When your server is unavailable, it's likely that the php worker processes are all busy, however that's only a proximate cause. Something is slowing down your server such that for a while at least, the php processes can't keep up with the incoming requests. What is slowing down your server is hard to judge, but the 'graceful kill fail' makes me think the process that was to be killed is likely waiting on disk.
Have you logged in while this is happening?
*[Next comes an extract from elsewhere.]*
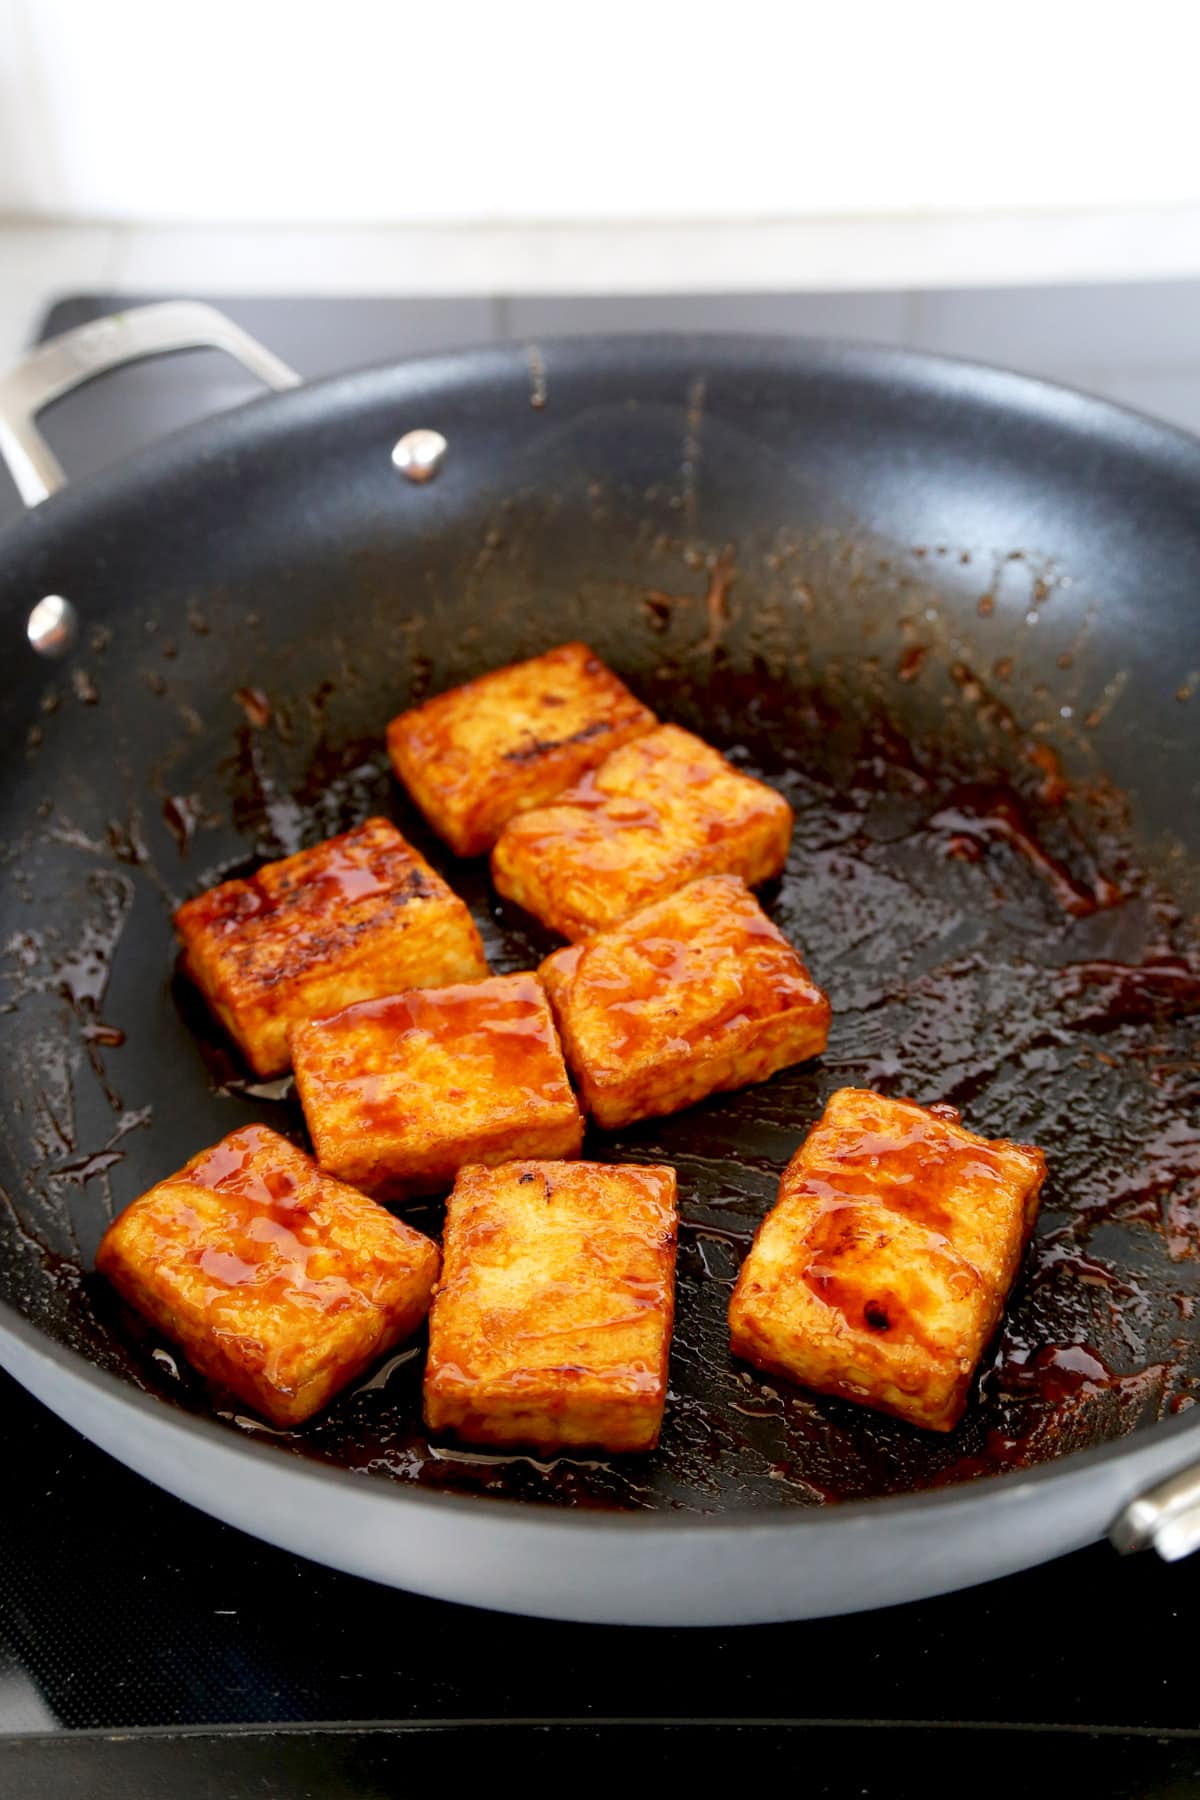 Pan fried tofu steaks

Does the system feel responsive?
In top, look at the process states, and look for the 'D' ones, which are waiting on IO. Are there many of these? The 'wa' in the summary up the top is the total amount of time that processes spend waiting on IO. (It says percent, but that's likely a percentage of one processor's time). Tools like iotop, atop, and vmstat may also be useful for getting a view on what processes are disk bound, and the extent to which the disk is limiting your overall performance.
Your understanding of what happens when a worker process is not available to take new requests is incorrect. New requests will not be assigned to it.
1000 requests before killing the worker is high. I'd suggest dropping it to somewhere between 10 and 50.
I think you're on the right track with Hypopthesis 1. mc0e's advice is pretty solid, so I'm mostly adding to it.
Those log messages that you're seeing suggest that individual processes are locking up under the prefork MPM, which gives you much better process isolation than worker. I've seen this in a production environment before and it means that you have some misbehaving code.
Between your high max requests per child and your hanging processes, this sets the stage for memory bloat. The documentation specifically covers the fact that a non-zero value helps to protect against memory leaks, but if you set that value too high the benefits are lost. Having your processes hang on top of that just further compounds the overall memory footprint.
This leaves you with two immediate takeaways:
MaxRequestsPerChild
by a significant margin, as mc0e was suggesting. This helps to prevent the individual processes from living long enough to accumulate significant memory leaks...but as he said, 20-30M probably isn't that big of a deal.lsof
on your large processes may provide a hint depending on what the code is doing (i.e. file handle leakage, and hitting the max file handle ceiling may be related to the process deadlocks), but otherwise you're looking at code debugging.